Un hommage au très beau texte de
Michele Perret .Le ton juste de ses retrouvailles avec la ville de
son adolescence a la force d' un guide revenant sur ses pas
sans jamais outrepasser le choc de la séparation de deux ondes
alternatives d’ un même scénario dont chaque acteur aurait bouclé
son rôle sur une passerelle lumineuse après avoir surmonté tous
ses émois .
Ch II - Oran la joyeuse
Nous avions prévu de venir en mai.
Dès l’arrivée, après les lentes formalités de police, c’est
le sourire
éblouissant de Marie-Noël et de Kouider qui nous accueille. Nous
éclatons de
joie et de bonheur, toutes les inquiétudes des SMS mal rédigés et
des messages
auxquels mon téléphone français n’a plus accès sont dissipées.
Onze heures,
Oran claque comme un drapeau dans le soleil, le plaisir. Á la
sortie de
l’aéroport, la route est d’ailleurs décorée de guirlandes de
petits
drapeaux : Tu vois, ils ont
pavoisé
pour t’accueillir, dit Kouider.
Je ne reconnais rien, les entrées de la ville ont changé.
L’Université
d’Es Sénia étale ses splendeurs.

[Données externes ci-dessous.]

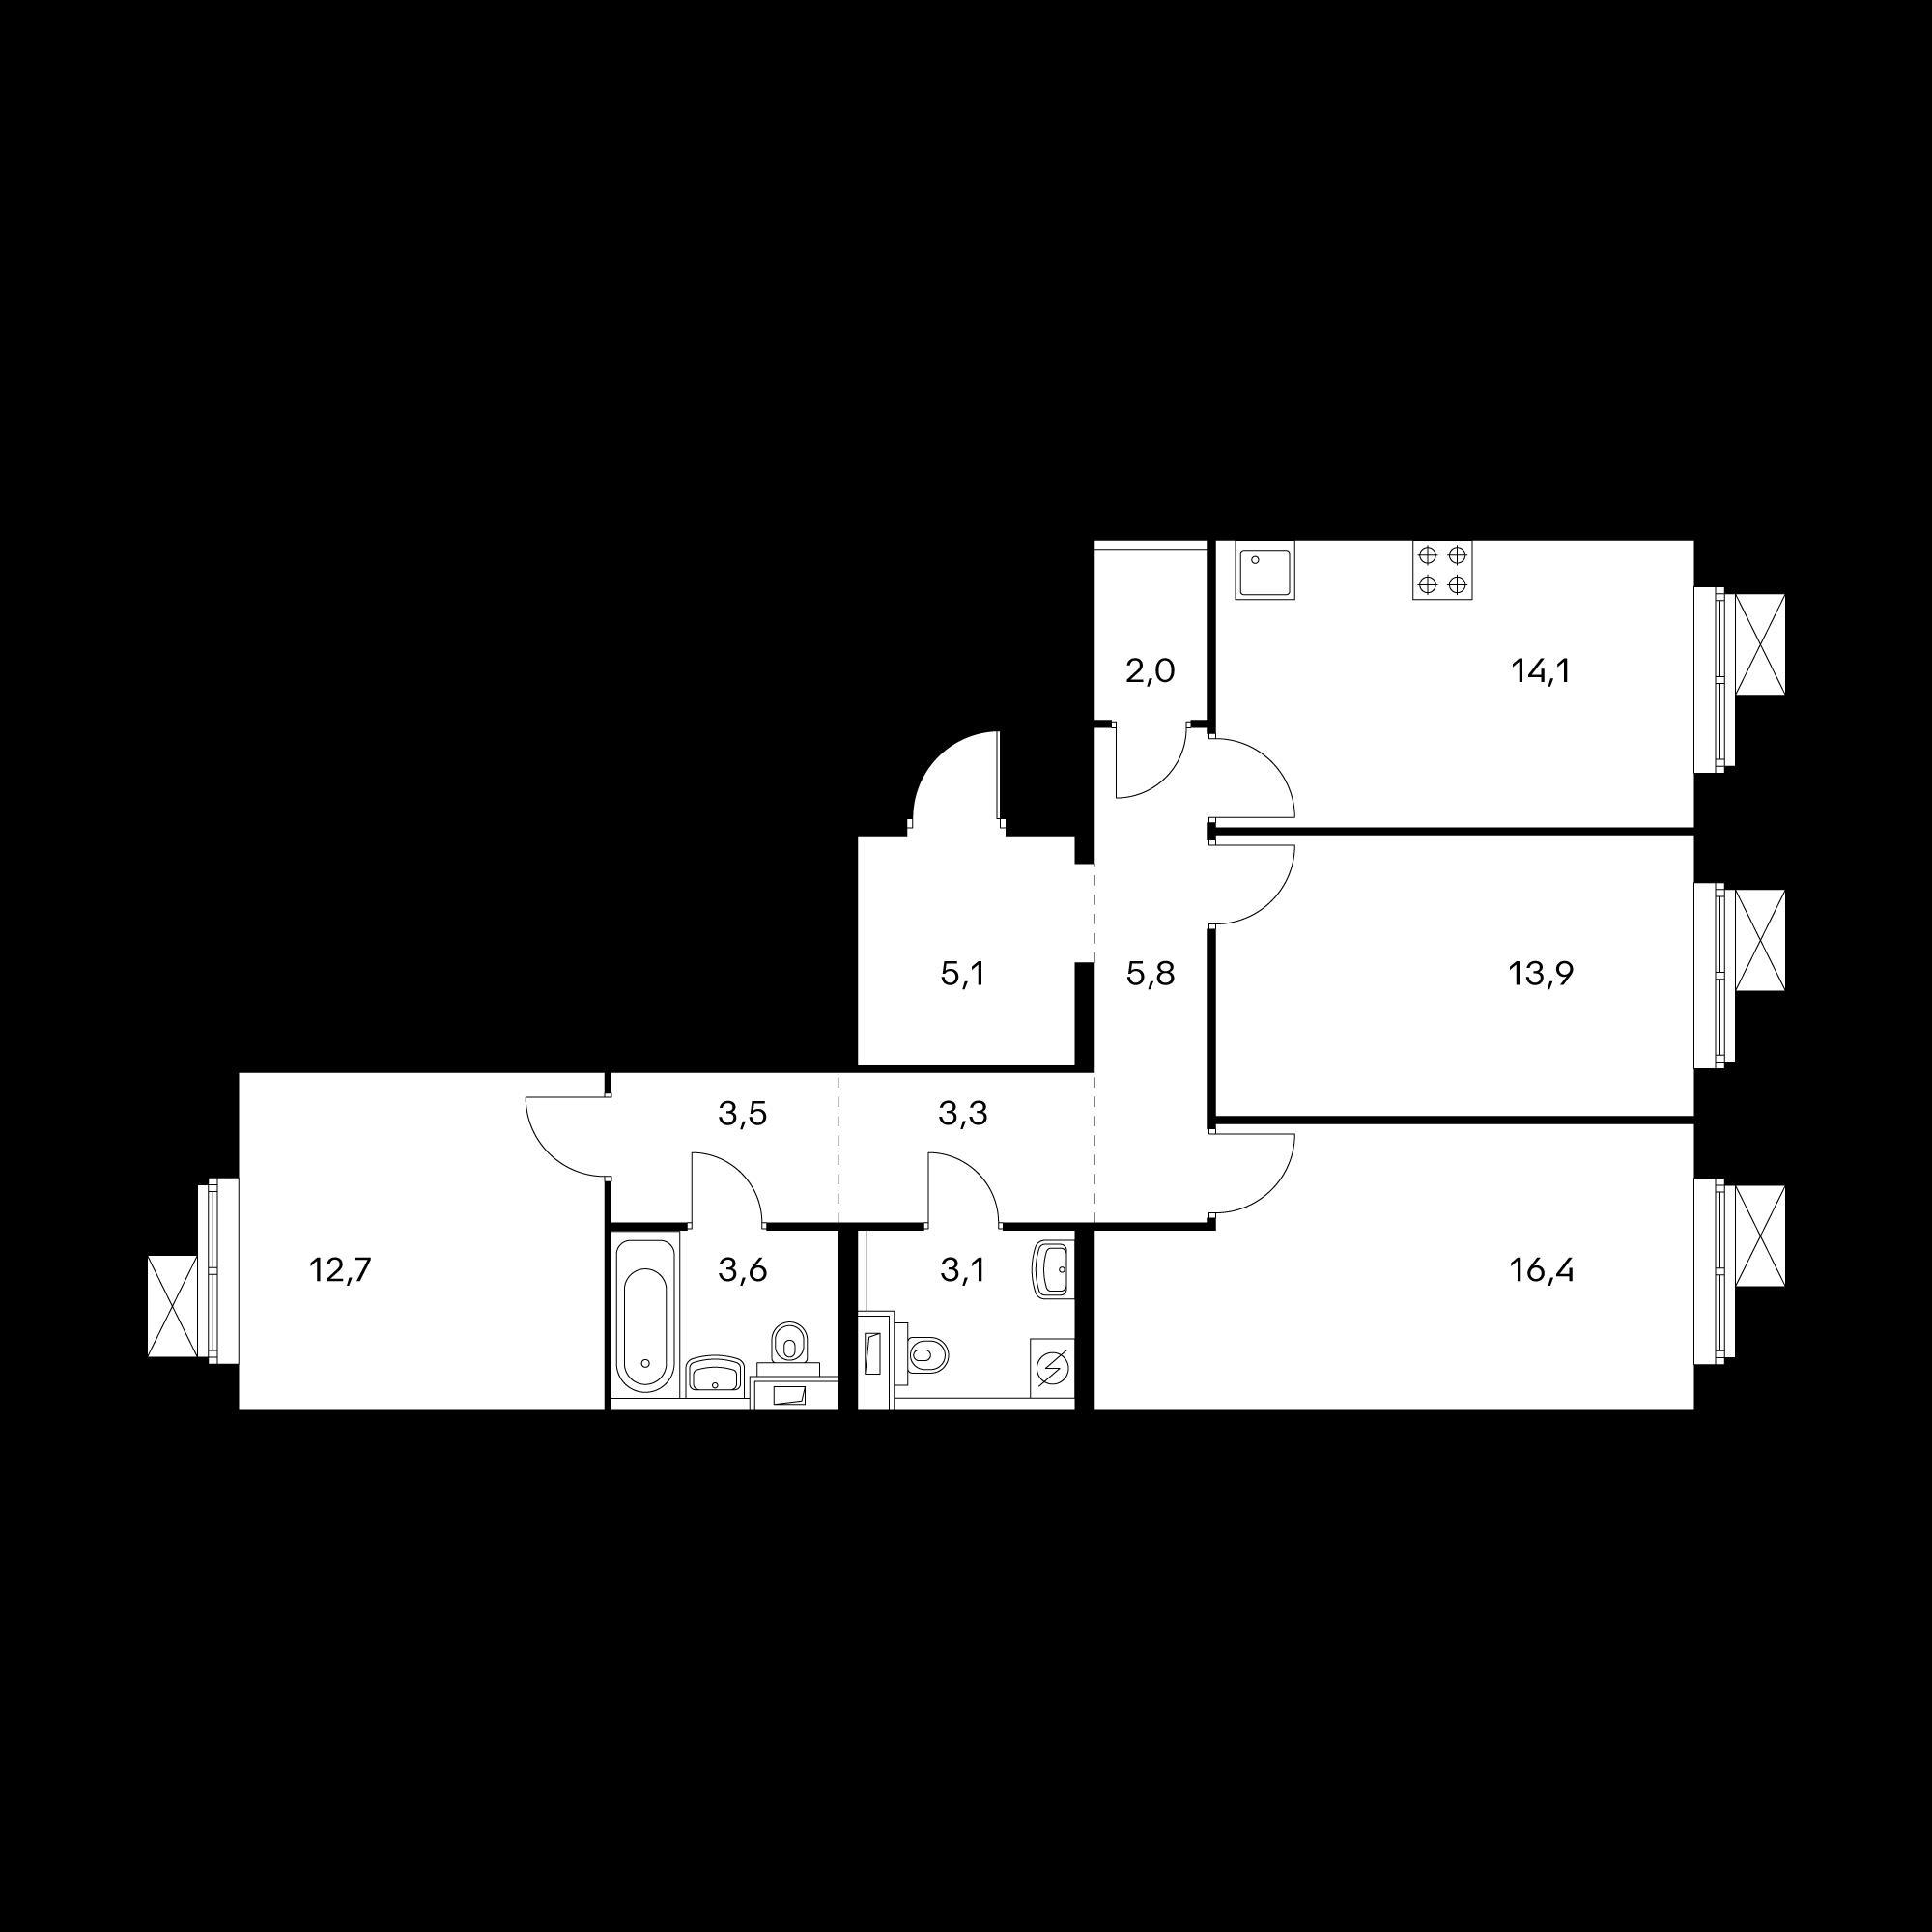 3KL13_9.0-1*

Nous longeons la Ville Nouvelle,
quartier
populaire animé, bruyant, plein de ménagères affairées : le
quartier
d’Oran où il y a le plus de femmes dans la rue ! C’est que, comme
du temps
où ce quartier portait le curieux et peu amène nom de Village nègre,
les
boutiques sont pleines de vêtements bon marché et d’étoffes. Je me
gorge
d’images retrouvées, à défaut de reconnaître mon chemin. Les
tissus sont
toujours aussi chatoyants, mais la foule est aujourd’hui bon
enfant. Dans les
dernières années dont je me souvienne, la voiture de ma sœur y
avait été
coincée dans une manifestation. Elle avait foncé et les gens
s’étaient
écartés ; une semaine plus tôt, un jeune couple avait été égorgé
au même
endroit. Comme il est maintenant joyeux, comme il vit normalement,
sous le
soleil de mai, ce pays que j’avais laissé à feu et à sang !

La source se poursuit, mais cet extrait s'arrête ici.